Emblematico in tal senso è il linguaggio matematico: se due o più persone decidono di dialogare sulla geometria, è implicito che tutti attribuiranno lo stesso significato a termini quali “angolo retto”, “bisettrice”, “quadrato”, ecc. (non esiste la possibilità che qualcuno intenda per “bisettrice” qualcosa di diverso da “retta o semiretta che, passando per il vertice dell’angolo, lo divide in due parti uguali”).

Quello invece al quale ogni giorno ci capita di assistere – soprattutto alla TV – è un insieme confuso di affermazioni banali, prive di senso logico, ma soprattutto assolutamente inutili, dal momento che non danno vita ad alcun “passaggio”. Le parole vengono utilizzate al di fuori del loro reale significato e per di più ciascuno ne fa un uso personale.

Altra condizione che deve essere soddisfatta perché un dialogo sia tale è quella che tutti i dialoganti possano esprimere liberamente la loro opinione, senza che vi siano pregiudizi di sorta e senza che il dialogo si trasformi in un monologo.

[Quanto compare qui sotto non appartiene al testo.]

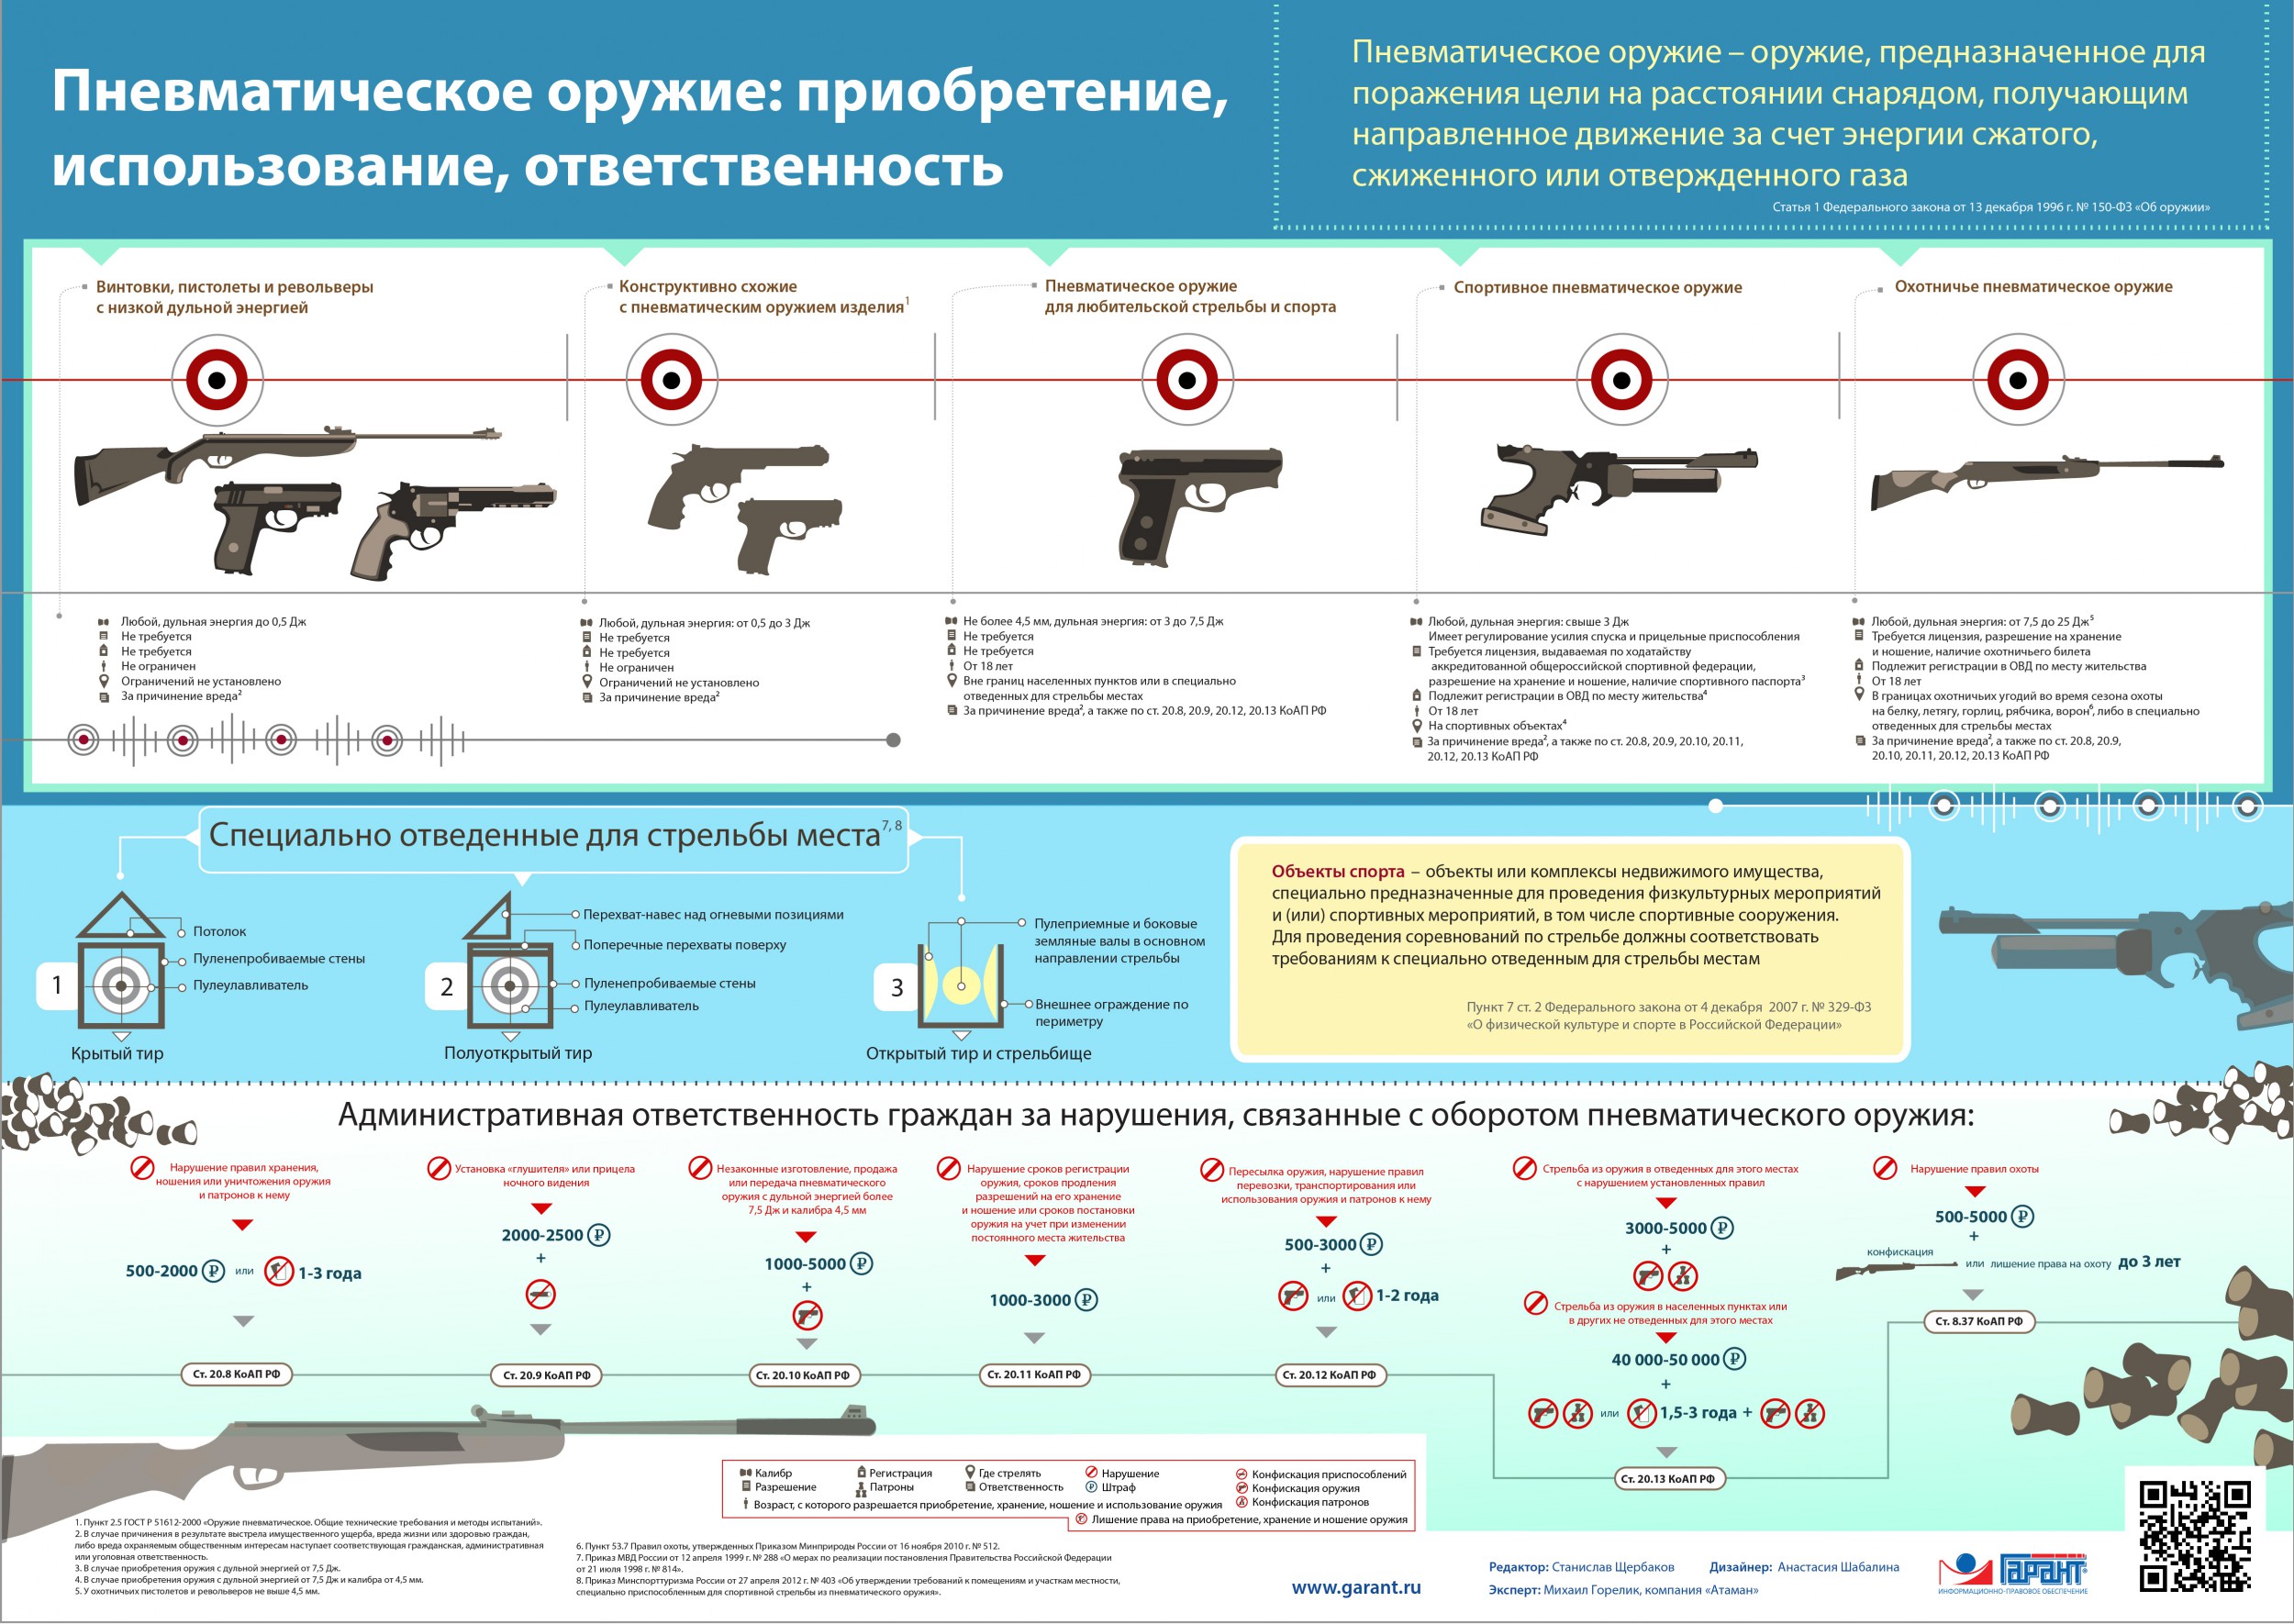 Инструкция о порядке приобретения оружия

A proposito della differenza fra dialogo e monologo, mi viene in mente quella famosa scenetta televisiva interpretata da Franco Franchi e Ciccio Ingrassia, nella quale Franco – ritenuto pazzo perché affermava di parlare con in morti – viene visitato dal medico Ciccio.

La scenetta va avanti fino a quando Ciccio pone a Franco la domanda chiave: “Mi dica, cosa le dicevano i morti quando lei parlava con loro?”.

Franco, che pazzo non era affatto, risponde meravigliato: “Ma che dovevano dirmi, se erano morti! Ero io quello che parlava, non loro”.

Il gioco di parole, classico espediente comico, nasce dal fatto che quando Franco diceva che “parlava” con i morti (e per questo veniva preso per pazzo), chi lo ascoltava riteneva che il verbo “parlare” fosse utilizzato nell’ambito di un contesto di dialogo, mentre in realtà quello di Franco era un monologo.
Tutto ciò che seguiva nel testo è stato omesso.